Even with all of that, Shinji doesn't think he has ever met anyone as insane as the boy who lives with Kaji.
"A cigarette is only a cigarette when it's burning, when it's not it's nothing but a rolled up piece of paper. The cigarette can only be a cigarette with the help of a match or a lighter to make it burn and that's what you did to my heart," the boy, Nagisa, explains as though it is the most simple thing in the word and not the most nonsensical word vomit Shinji has ever been privy to. "My heart was just rolled up paper but you're the fire that got it to become a cigarette, you set my soul aflame. You're the fire."
Absentmindedly, Shinji nods but keeps his thoughts to himself and tries not to be as judgemental as he usually is for the sake of Misato-san. She really likes Kaji.
"Do you get what I'm saying?" Nagisa asks when he feels that Shinji isn't close to following his incomprehensible logic. "I'm saying you're hot like fire. I want to burn so I can live, won't you set me on fire?"

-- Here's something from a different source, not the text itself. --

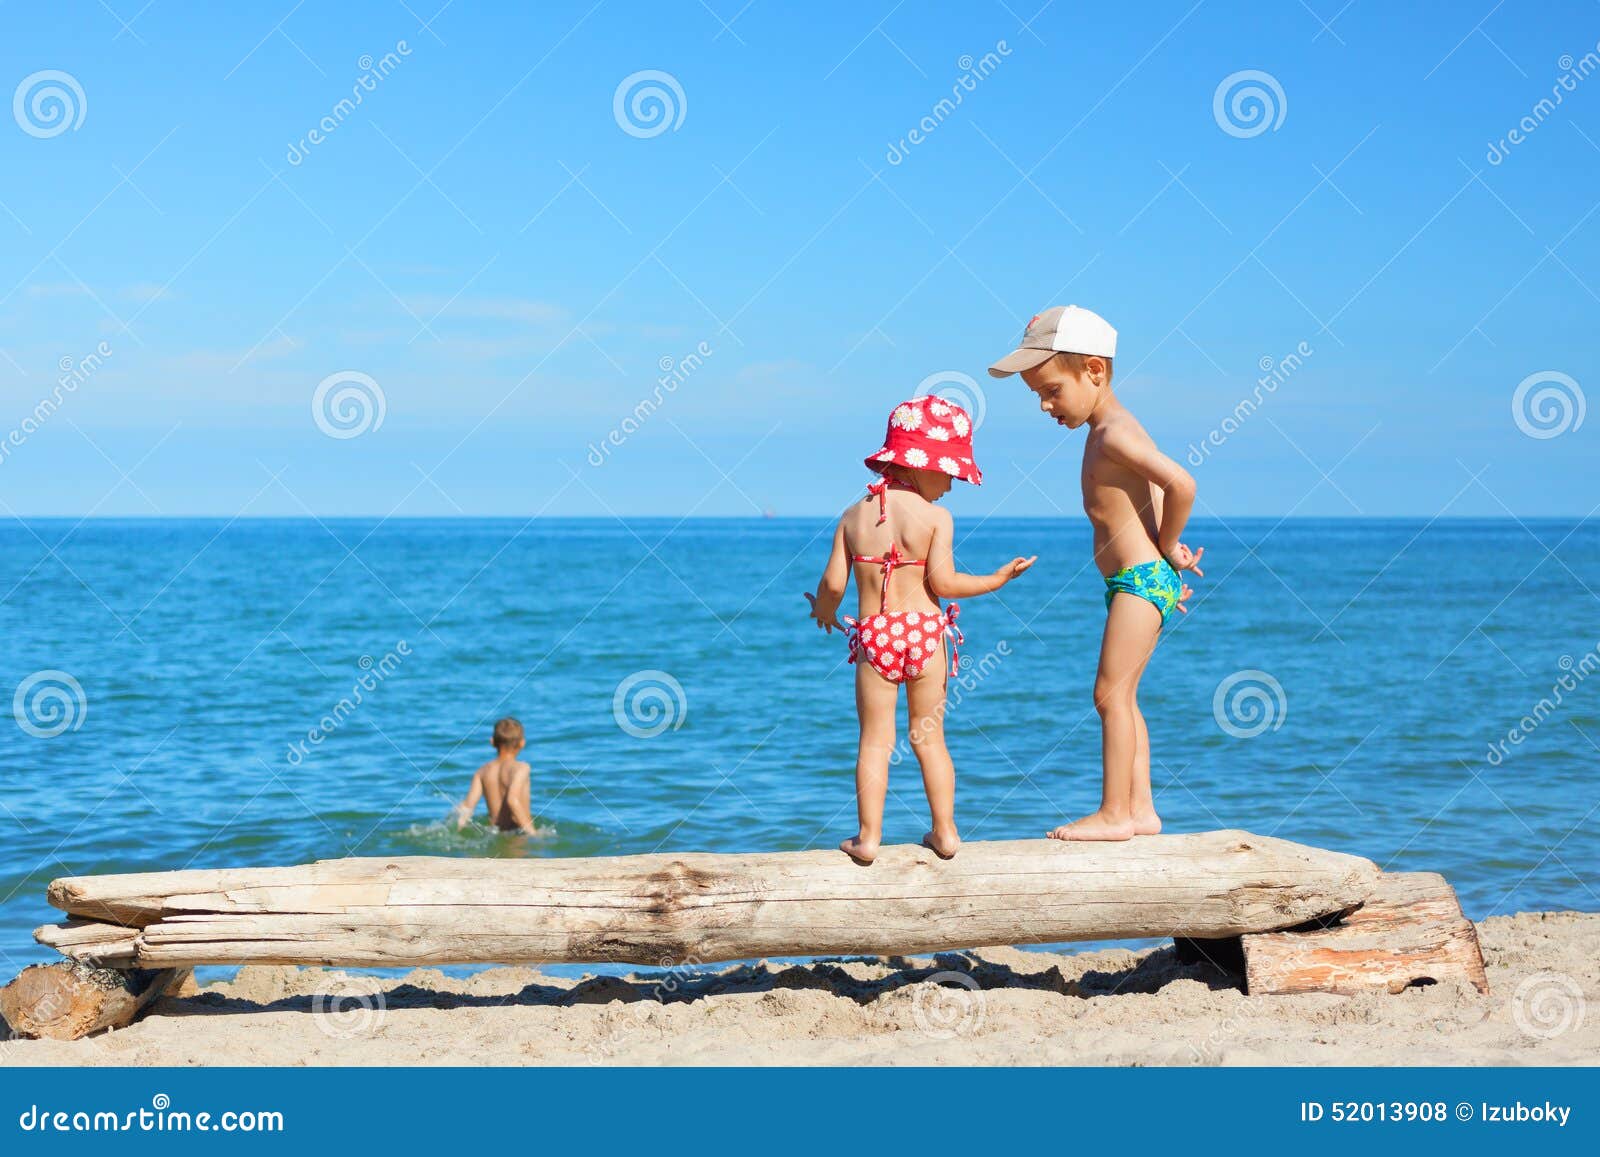 за голыми детьми на пляже фото 9

How he can stand there and say those things as he looks at Shinji as though he's the odd one for not comprehending, that Shinji will never be able to wrap his head around.
With all that said, Shinji has but one response in mind to the utter nonsense that this strange boy just spewed at him unprompted.
"Why do you have to be so weird?" he asks, twisting his face in mild disgust.
But weird as he is, Nagisa just smiles and tells Shinji that's exactly what he thought he'd say. Tells Shinji he will make him understand one day, that their souls were destined to meet in a collision more impactful than the Big Bang that birthed this world. He holds Shinji's hand on his own like it's fragile, an antique vase that could shatter into a million pieces if one used even the slightest amount of force to handle it.
And he grins — in a way that has Shinji's heart skipping a beat — he finds himself flushing deep red, wondering why this strange guy has such effect on him.
Wondering why he thinks he might understand what he means when he says they were born to meet each other.)